Biogels of cytochrome c: Cytochrome c peroxidase complex studied by electron paramagnetic resonance spectroscopy

Cytochrome c : cytochrome c peroxidase (Cc : CcP in 1 : 1 ratio) complex was successfully encapsulated in sol-gel derived glass. The electron paramagnetic resonance (e.p.r.) and optical absorption techniques were used to characterize the coordination number, spin state, charge-transfer activity and structural orientation of Cc : Cc complex and its constituents. The sol-gel encapsulation of metalloproteins allows, for the first time, the detection of e.p.r. signals of biological systems at room temperature. CcP exhibits an e.p.r. spectrum representing the high spin and purely axial symmetry with parameters at g(perpendicular to) congruent to 6 and g(parallel to) congruent to 2 and an electronic absorption spectrum with a descent in spectral intensity of shoulder band at 380 nm and a blue-shifted charge-transfer band at 620 nm. Cc shows an e.p.r. spectrum characterizing a mixture of high spin (g(perpendicular to) congruent to 6 and g(parallel to) congruent to 2) and low spin (g(x) = 2.7, g(y) = 2.2 and g(z) = 1.8) components.
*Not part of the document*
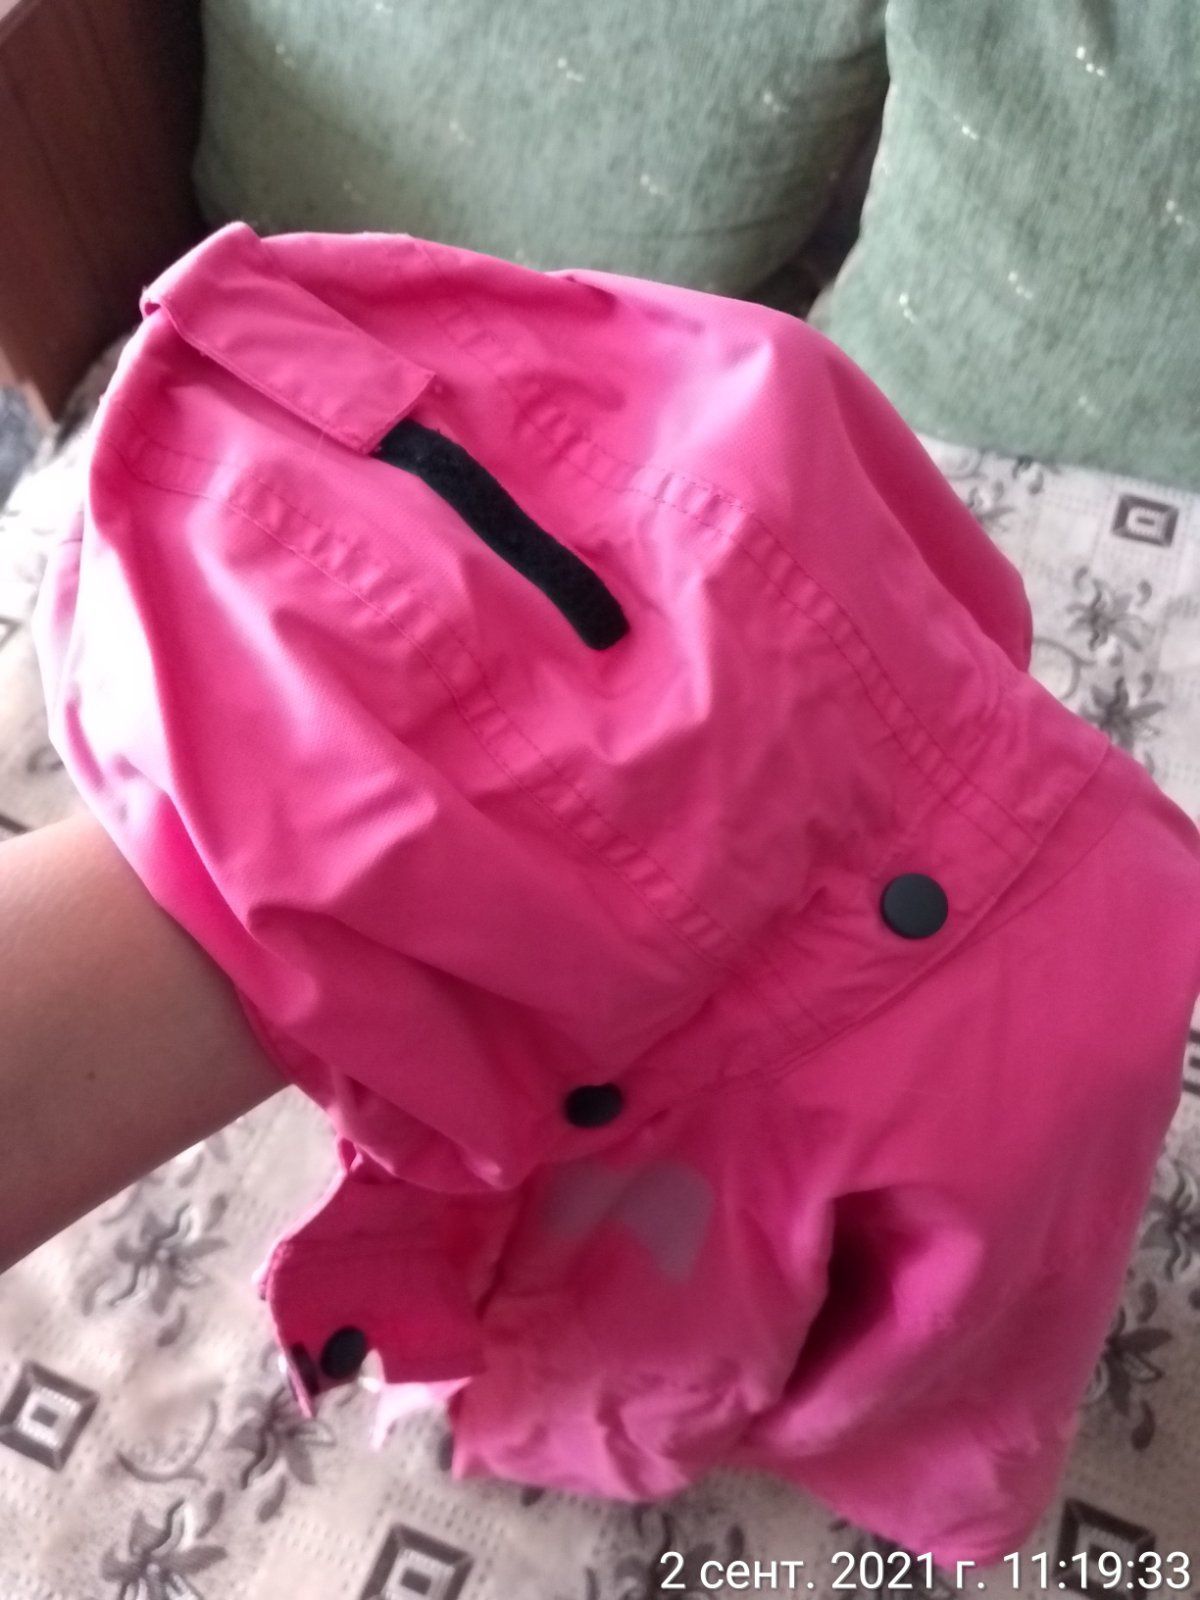 Куртка-штормовка на дівчинку рост 152

Upon complexation, Cc :CcP pair displays a single and broad e.p.r. spectrum at g(parallel to) congruent to 2 and a light absorption spectrum with a red-shifted Soret band at 423 nm, a blue-shifted charge-transfer band at 620 nm and an intensified charge-transfer band at 507 nm. These results suggest that the sol-gel encapsulated Cc:CcP complex has the following chemical and physical characteristics: (a) a hexa-coordination, (b) a high-spin state, (c) an active charge-transfer (or redox) pair, and (d) the direction of the g(parallel to) paramagnetic center of Cc : CcP complex lies nearly parallel to that of the heme normal. The structural coordinations of the sol-gel encapsulated Cc, CcP and Cc:CcP are examined. Moreover, the possible use of biogels at the sol, gelation, and xerogel stages during gel processing to control the structural rigidity and spatial separation/orientation of the encapsulated heme proteins and to study their possible routes of long-range electron transfer reactions are also discussed.